(dissenting). For this court to uphold the ordinance granting the instant pay raises is in direct violation of article eleventh, § 2 of our state constitution and contrary to public policy.
It is undisputed that the various defendants are either elected or politically appointed officials of the city of Bridgeport. Article eleventh, § 2 of the constitution of the state of Connecticut provides in clear and unequivocal language that “[n] either the general assembly nor any county, city, borough, town or school district shall have power to . . . increase the compensation of any public officer or employee, to take effect during the continuance in office of any person whose salary might be increased thereby . . . .” (Emphasis added.)1
*154That the above constitutional provision was first adopted in 1877; Conn. Const., amend XXIY; and has remained intact to the present time is significant.2 This constitutional provision expresses a clear intention on the part of the people of this state to prohibit any municipal body from voting increases in compensation for elected or appointed officials to take effect during the current term of office of such officials. In Wright v. Hartford, 50 Conn. 546, 547, this court observed: “The [constitutional] provision regards an increase during the term of service and a gift at its close as equally destructive of the public good and aims to prevent both .... As it regards an increase and a gift with equal abhorrence, so it abhors them equally whether made in behalf of the servant highest in dignity or of the lowest.” (Emphasis added.)

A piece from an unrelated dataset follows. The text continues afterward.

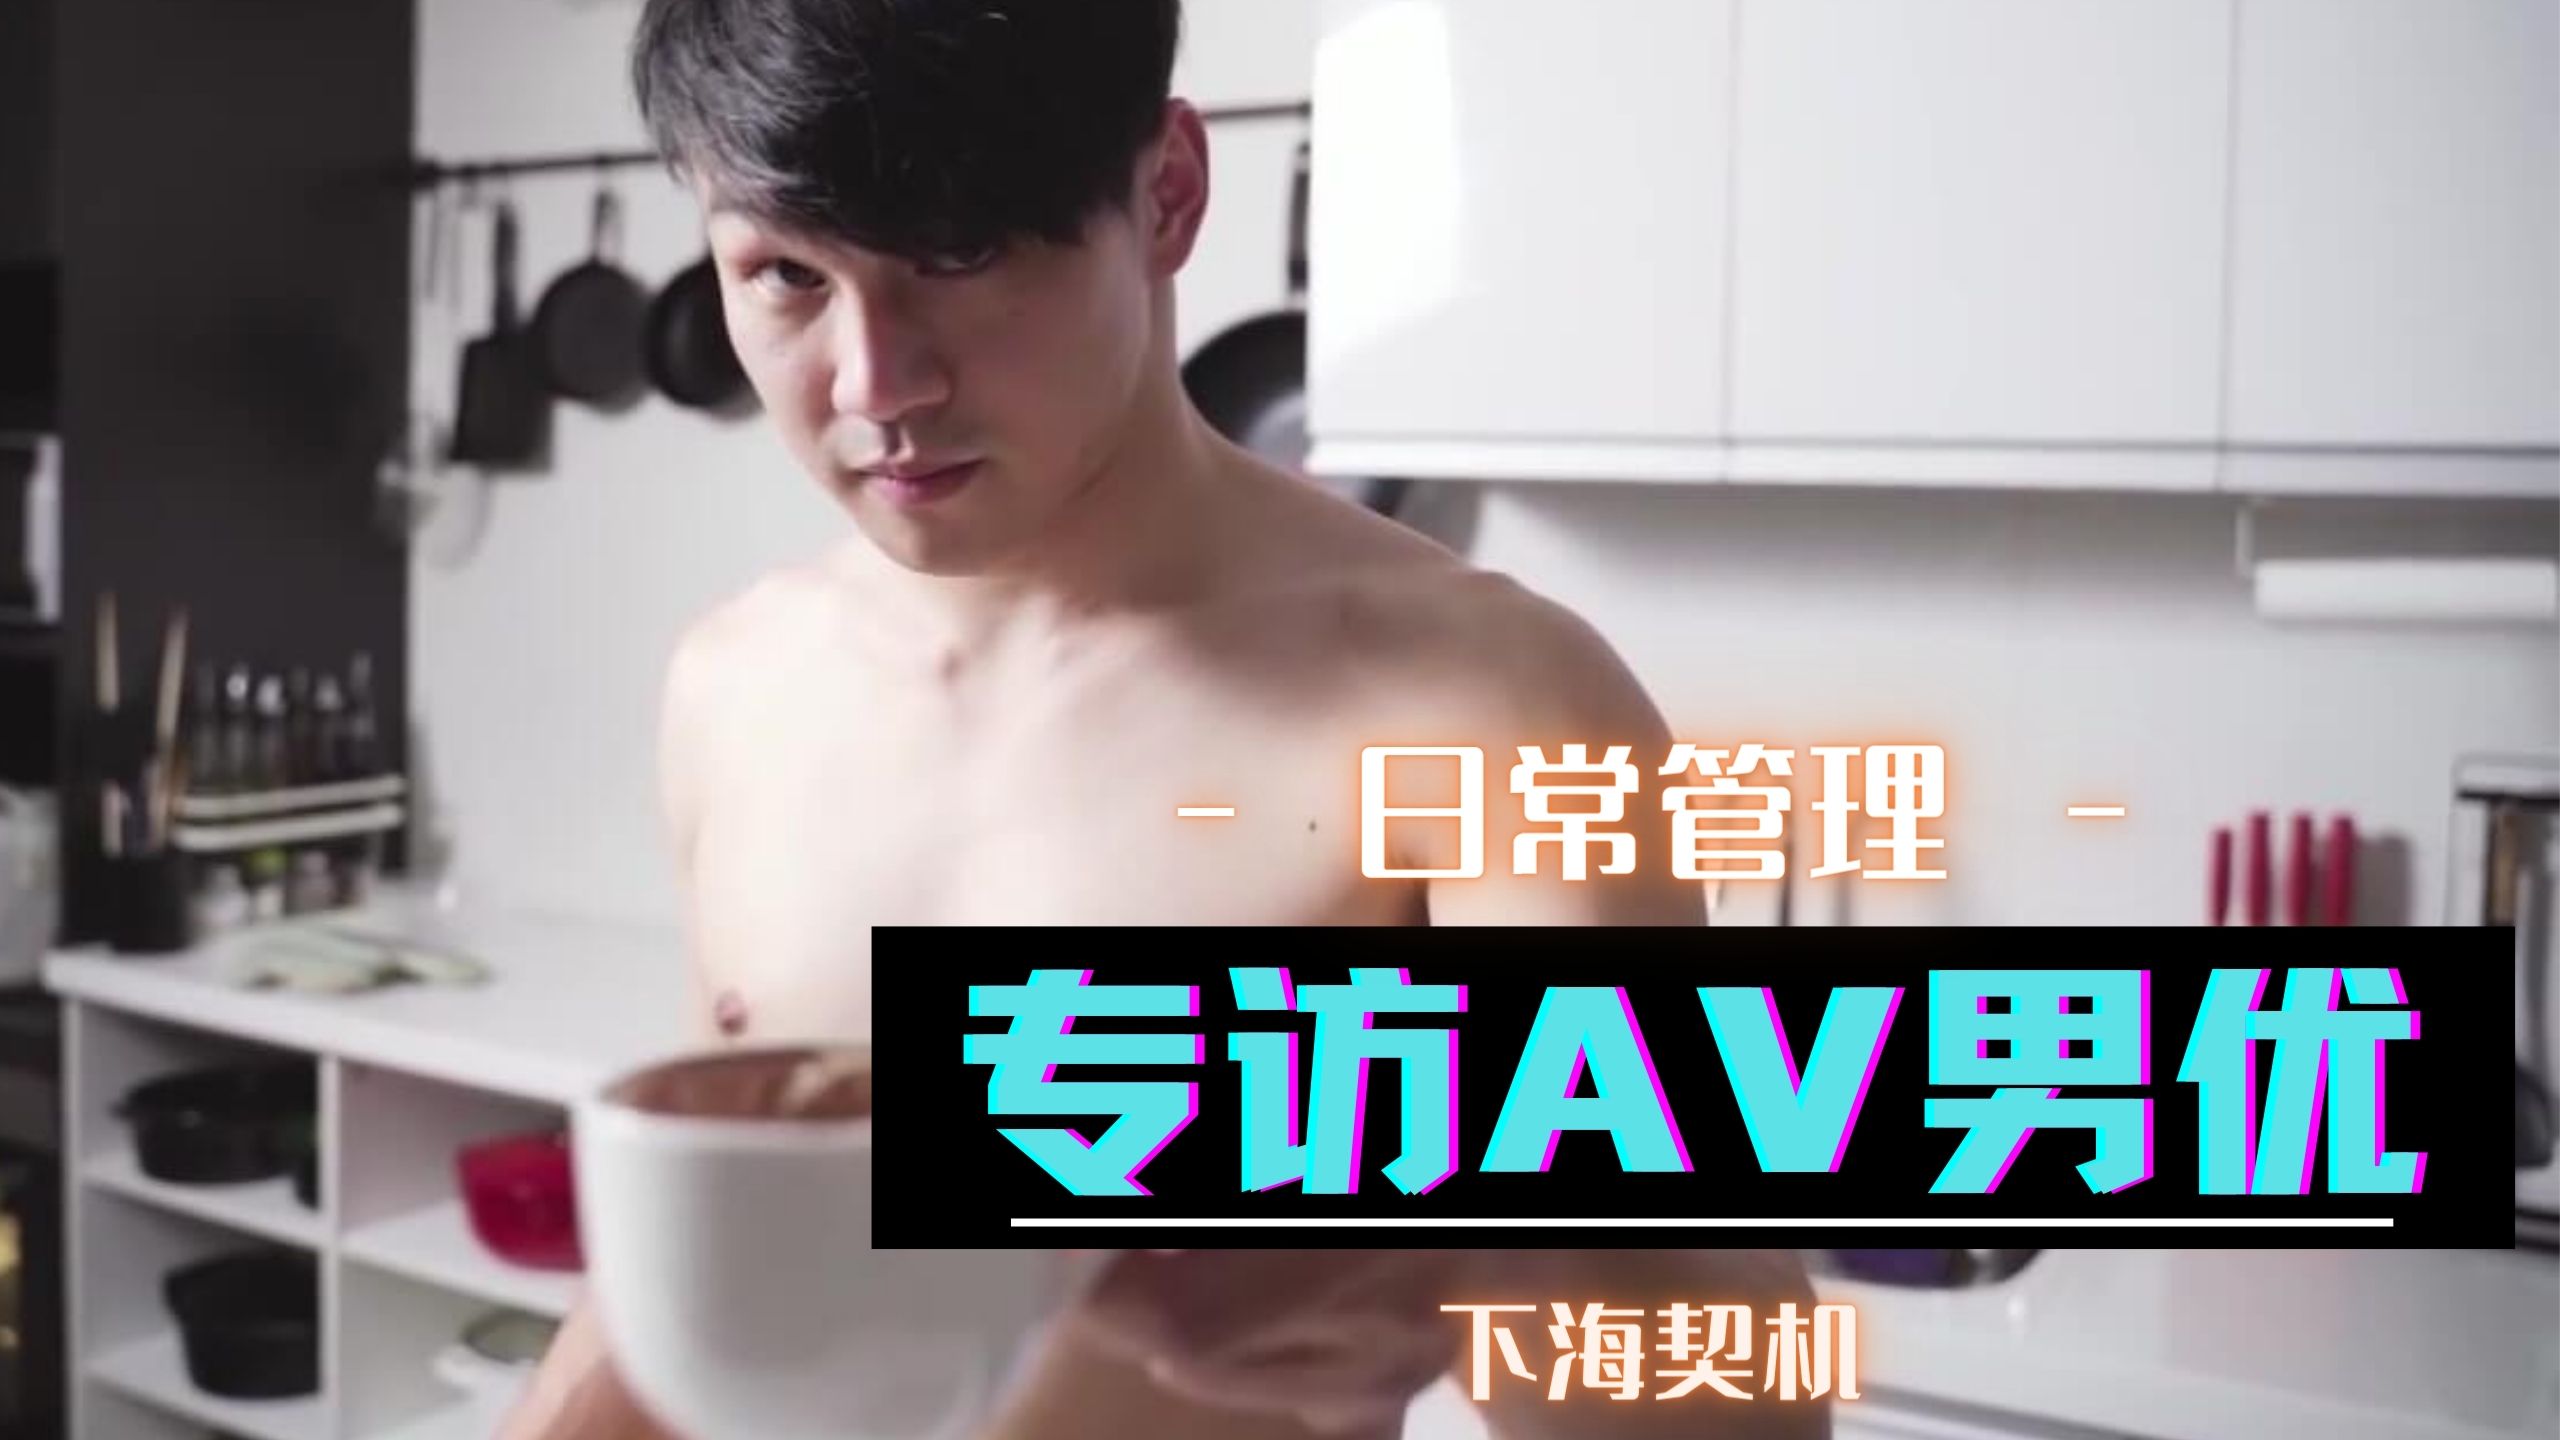 台湾气质正妹性爱影片流出-siw

It should be emphasized, however, that article eleventh, § 2 does not prohibit any or all increases in the compensation of public officials and employees but only such increases as are intended to take effect during the current term of office of the officials receiving such increases. To my mind, the requirement of a delay in the effectiveness of a pay increase was clearly intended by the drafters of this constitutional provision to ensure that increases in salary enacted at the taxpayer’s expense would be for the benefit of the office and not for the immediate benefit of the particular individual then holding that office. In this way the drafters sought to ensure that all such salary increases would be made in a properly disinterested manner.
*155When the individual defendants campaigned and succeeded to their elective and appointive positions, they knew full well what the compensation was for the offices which they were seeking. At no time prior to their election or appointment did they indicate to the taxpayers and voters that they would seek increased compensation immediately upon being elected or appointed. They should therefore not now be permitted either to argue that their salaries are not comparable with other municipal salaries or to vote themselves pay increases3 intended to take effect during the current term of office in violation of article eleventh, § 2. Garvie v. Hartford, 54 Conn. 440, 7 A. 723.
I must therefore dissent.
“Continuance in office” has been held to mean current term of office under one appointment or election. Smith v. Waterbury, 54 Conn. 174, 7 A. 17.
The delegates to the 1965 constitutional convention explicitly retained and incorporated this same provision in the constitution adopted by the convention.
It is conceded that a pay increase such as those at issue here would have been valid if they were limited to an effective date beginning upon the next succeeding term of' office or appointment.